The lines from the one holding "Joven Poe Misterio de la Calle Morgue 1." to the final line of the listing below are to be duplicated exactly, with both ends included and pictures omitted.

→ Supplied data

☆ ☆ ☆ ☆ ☆ ☆ ☆

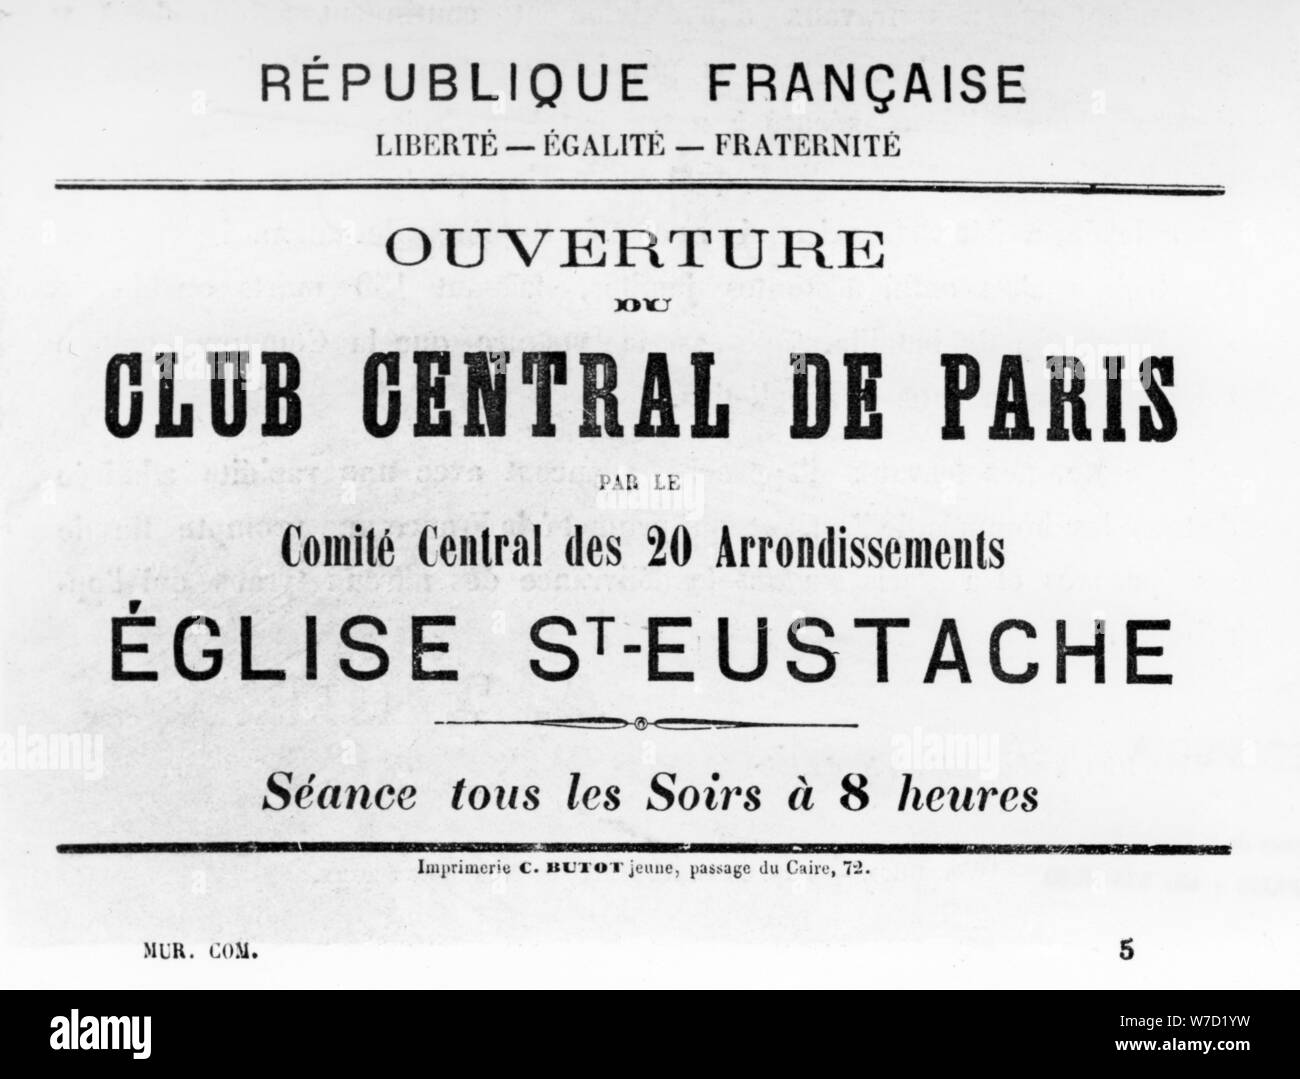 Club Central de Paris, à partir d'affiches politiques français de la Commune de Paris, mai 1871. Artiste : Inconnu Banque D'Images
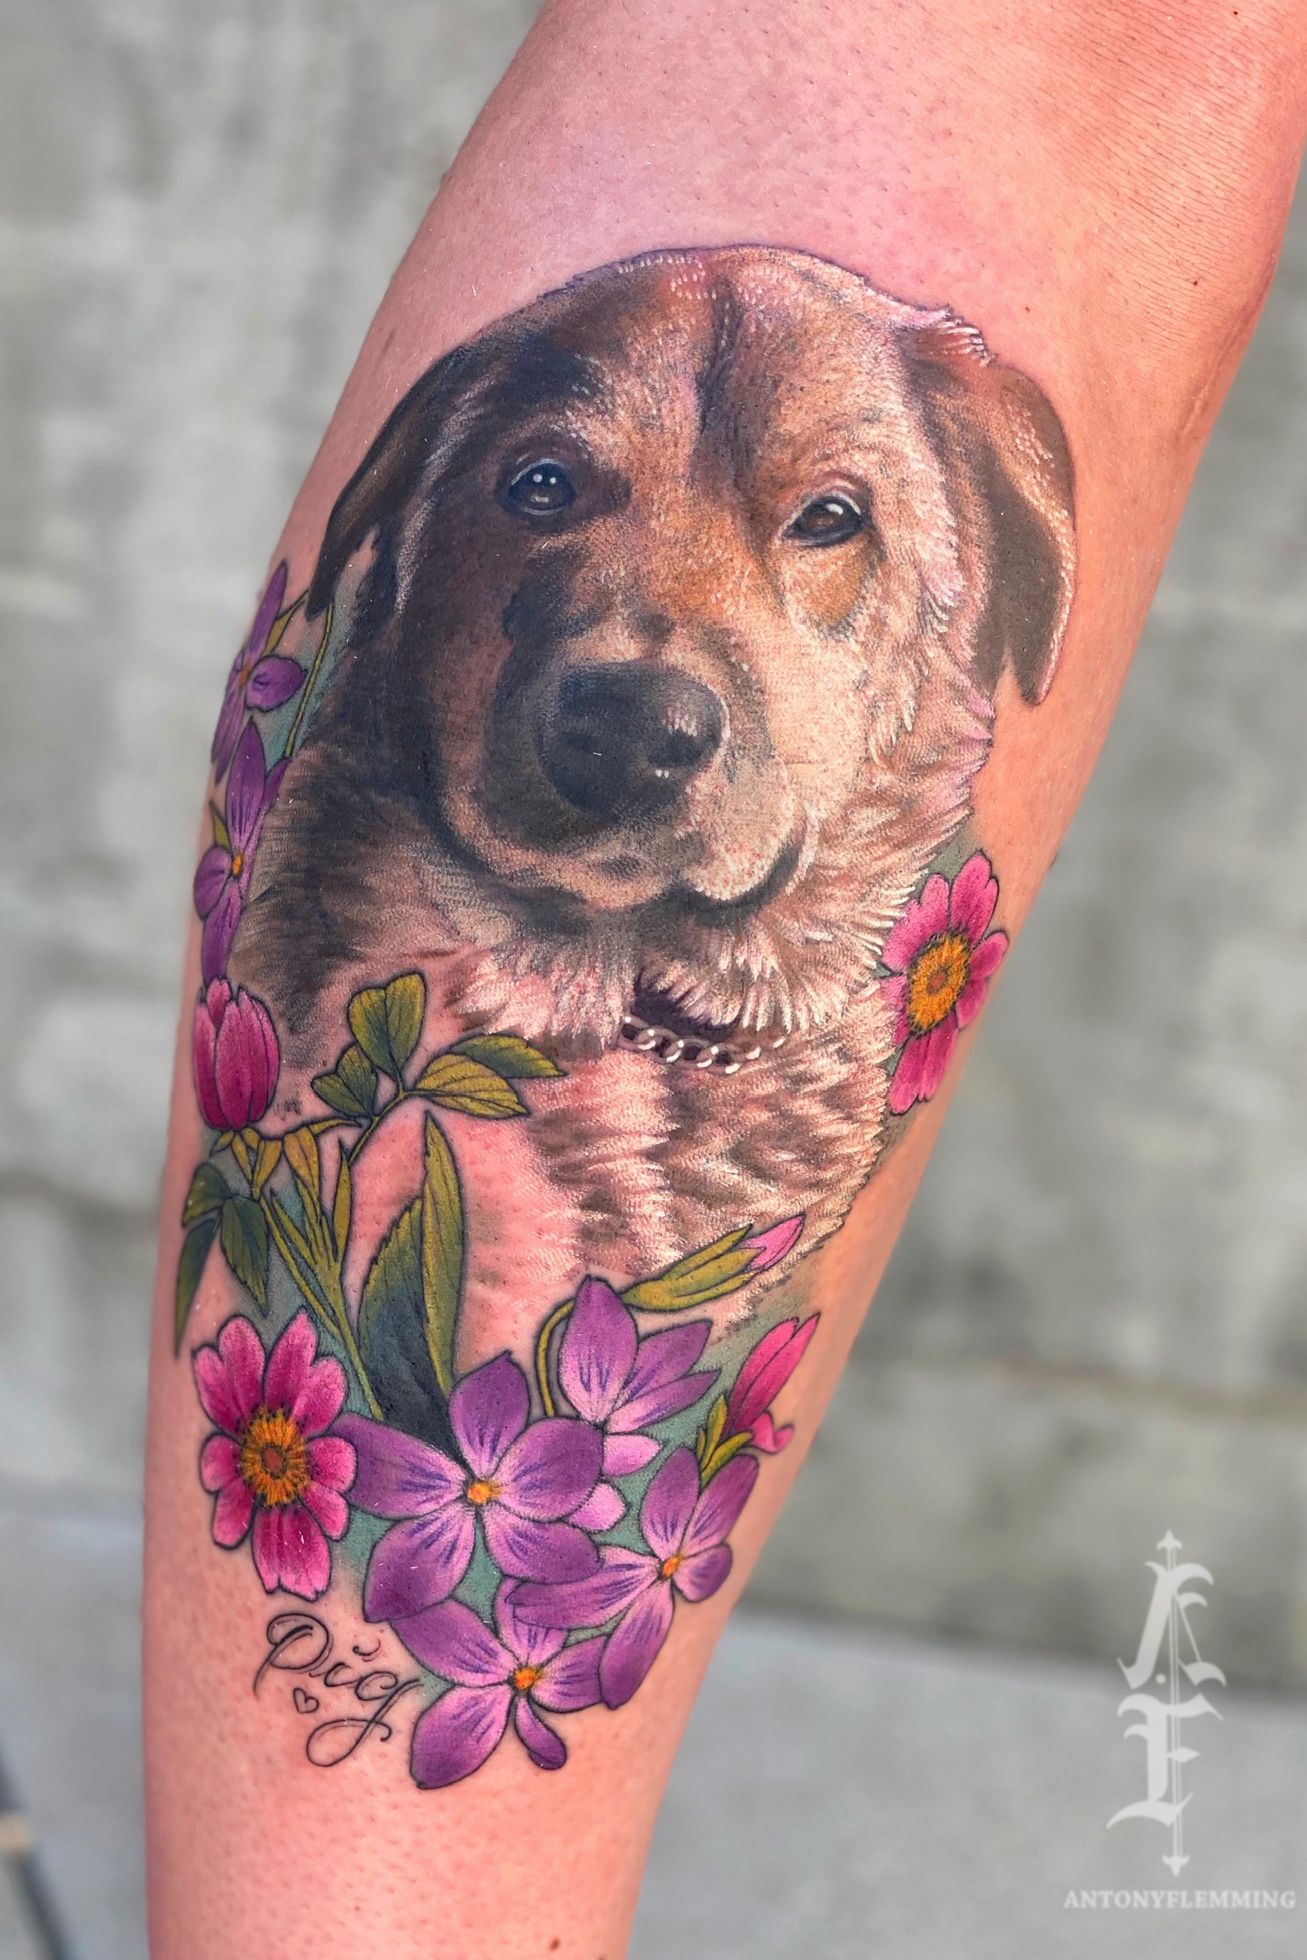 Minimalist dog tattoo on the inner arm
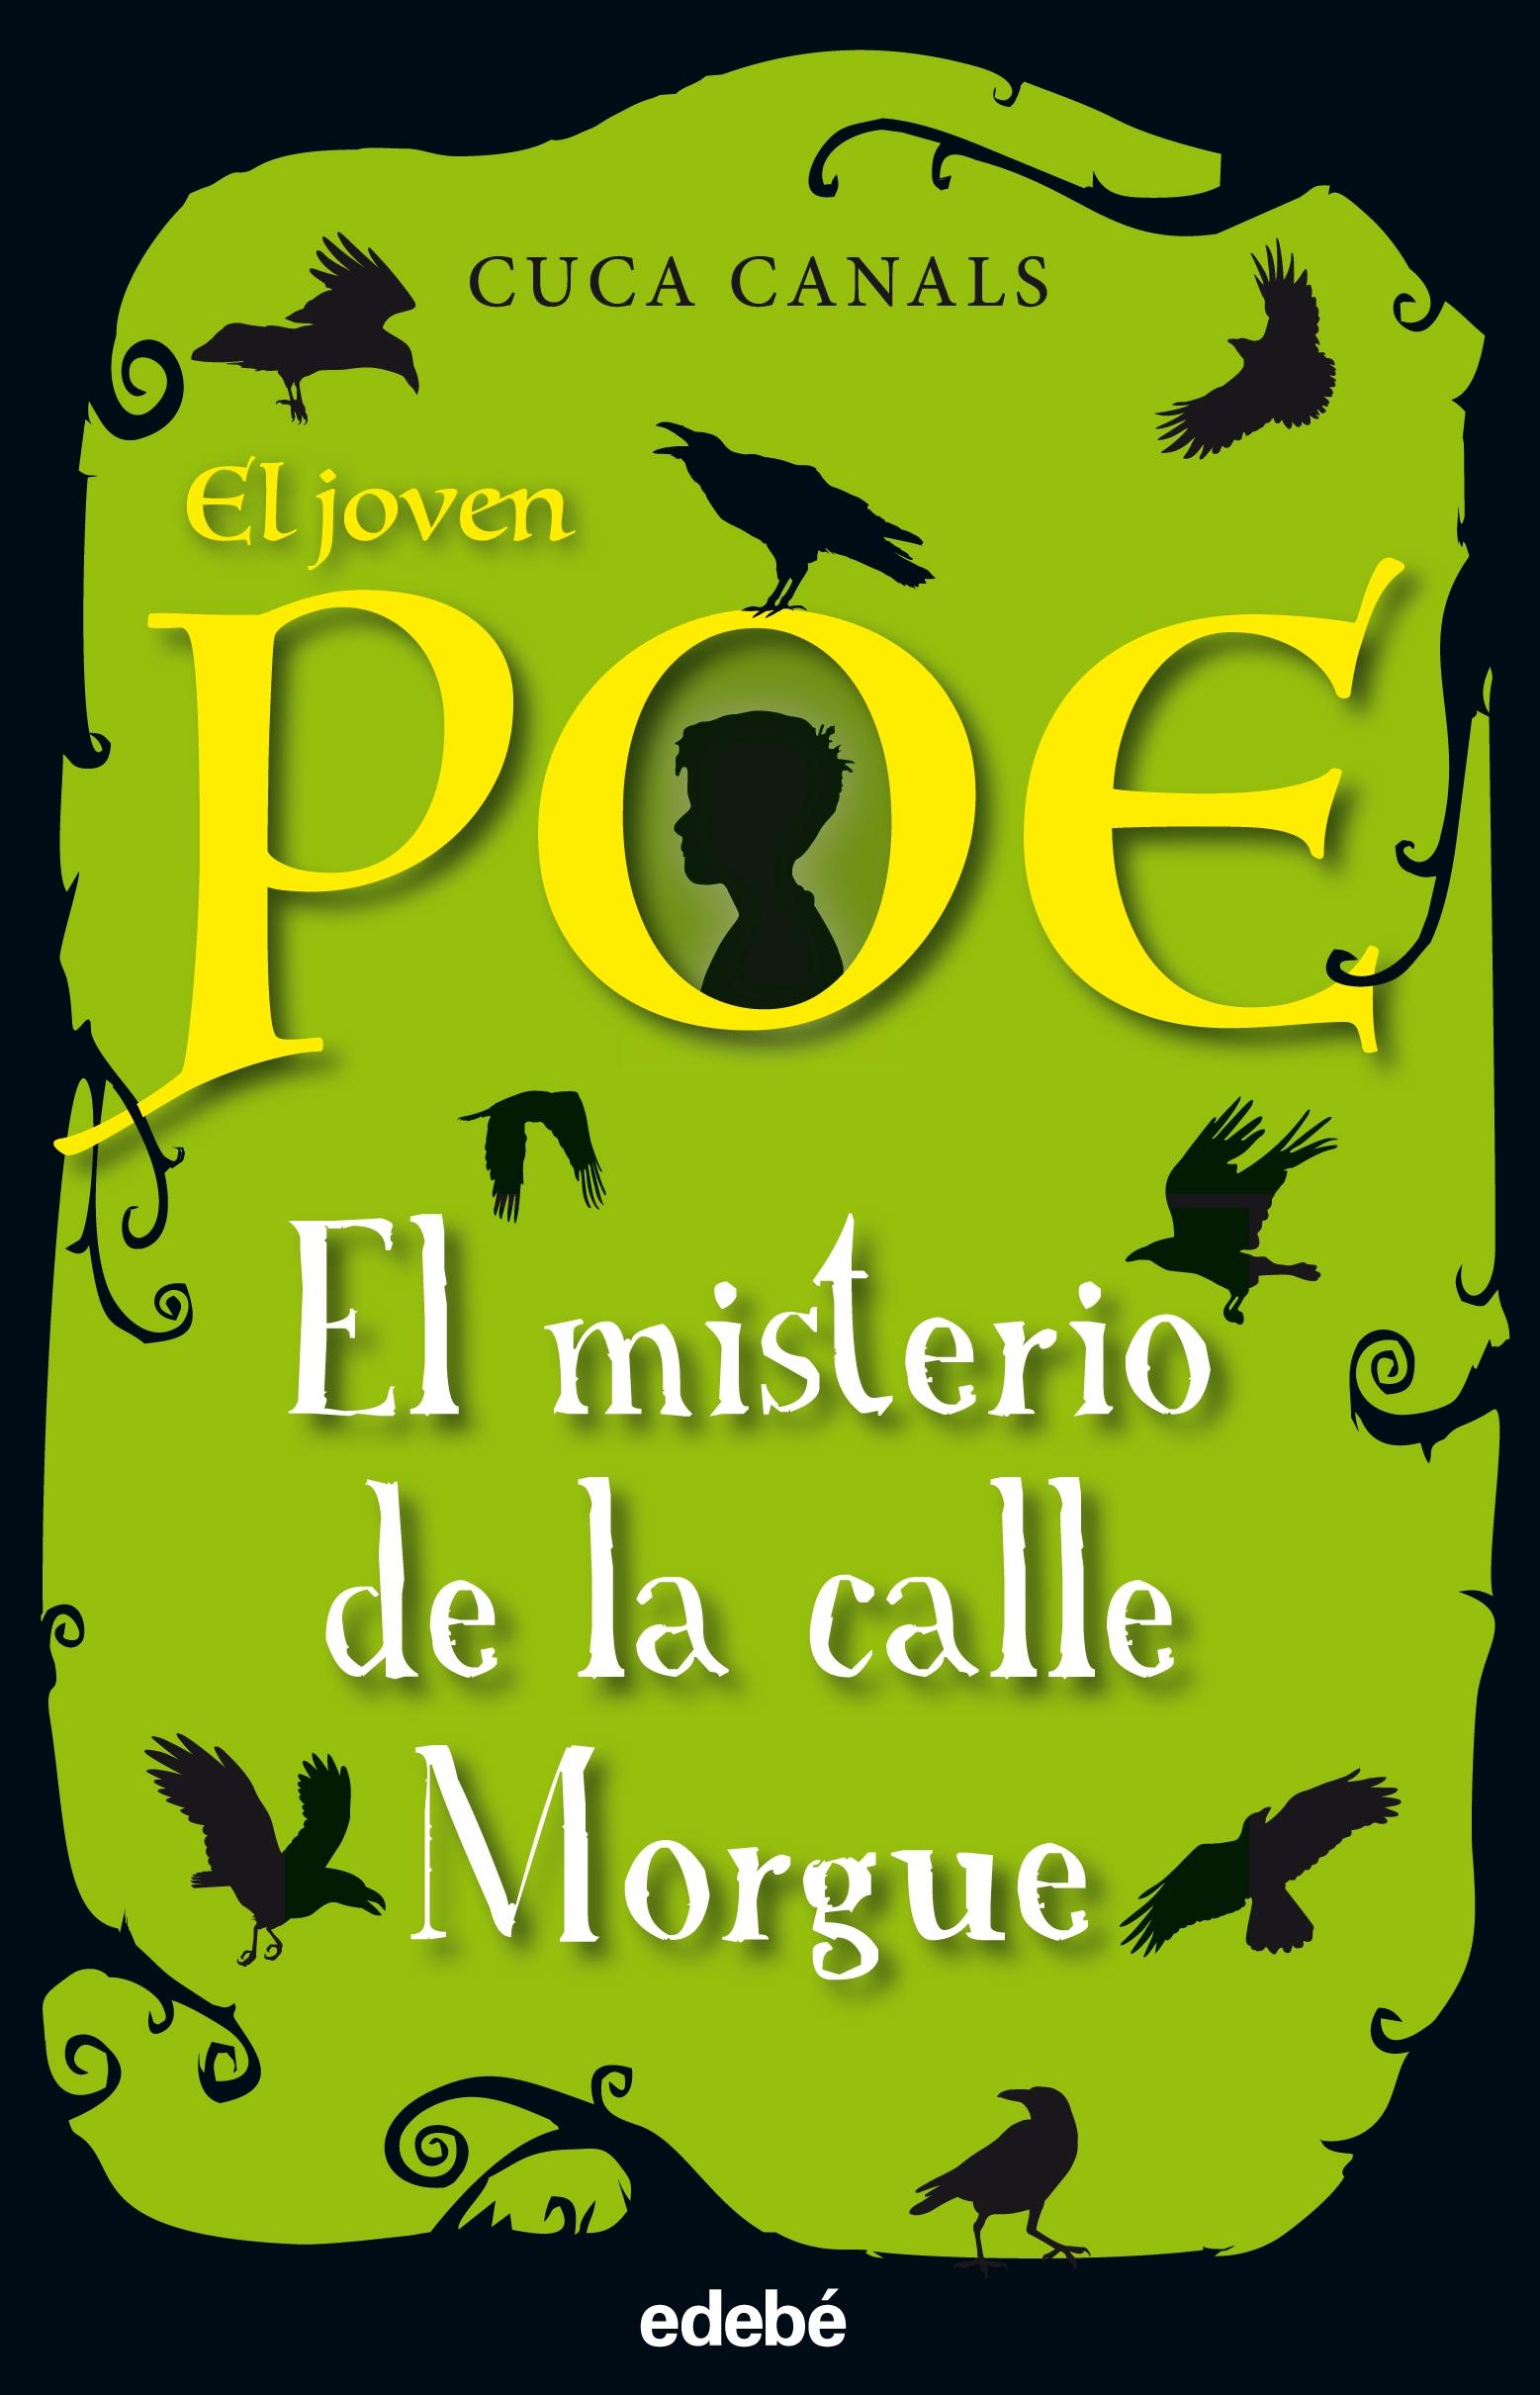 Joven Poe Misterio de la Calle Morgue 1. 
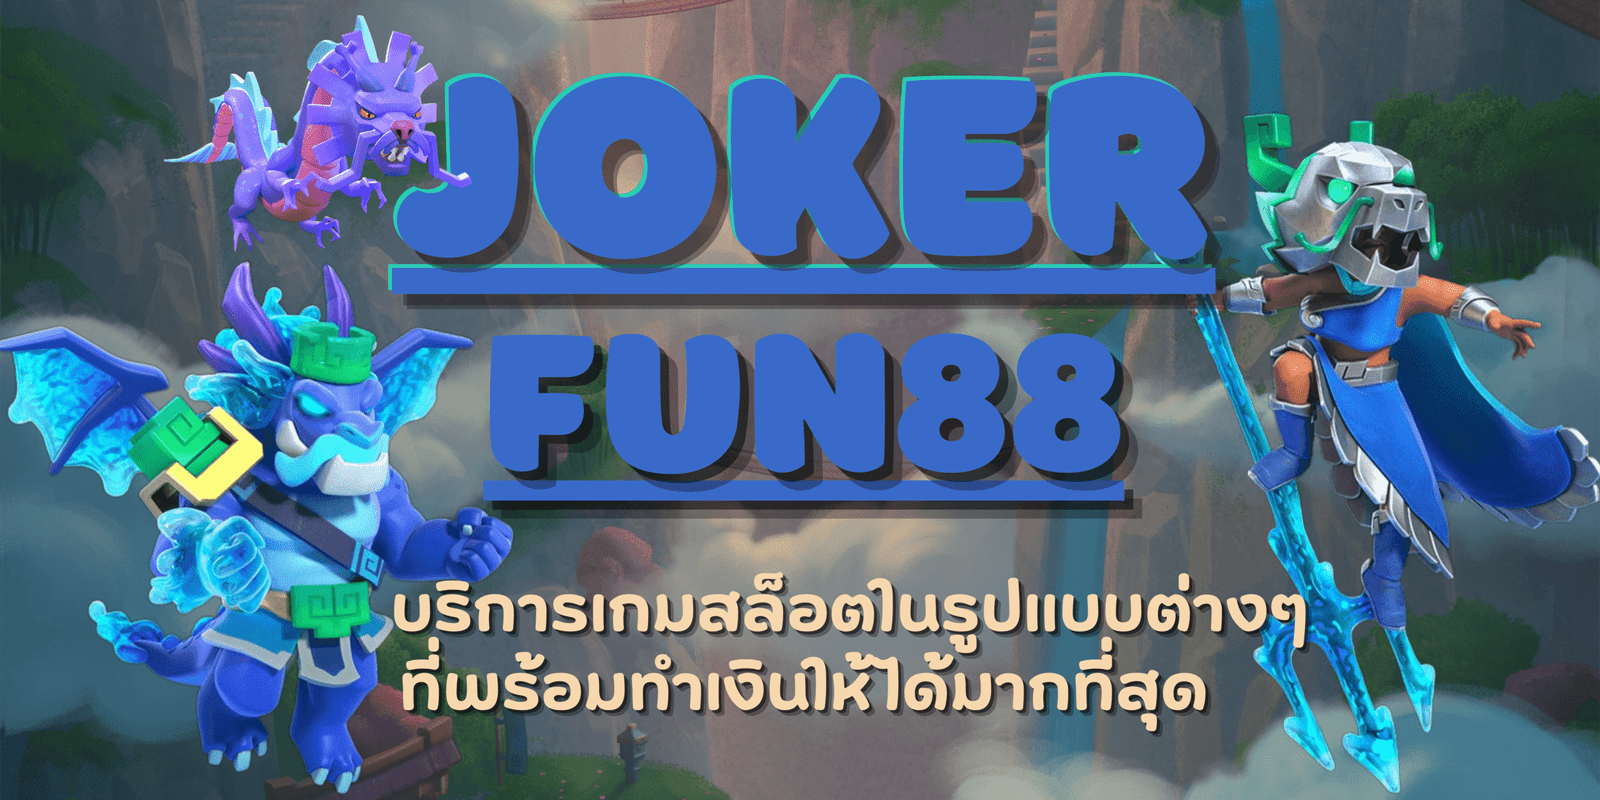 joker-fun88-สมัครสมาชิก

☆ ☆ ☆ ☆ ☆ ☆ ☆

→ Task response
 Joven Poe Misterio de la Calle Morgue 1. 
 joker-fun88-สมัครสมาชิก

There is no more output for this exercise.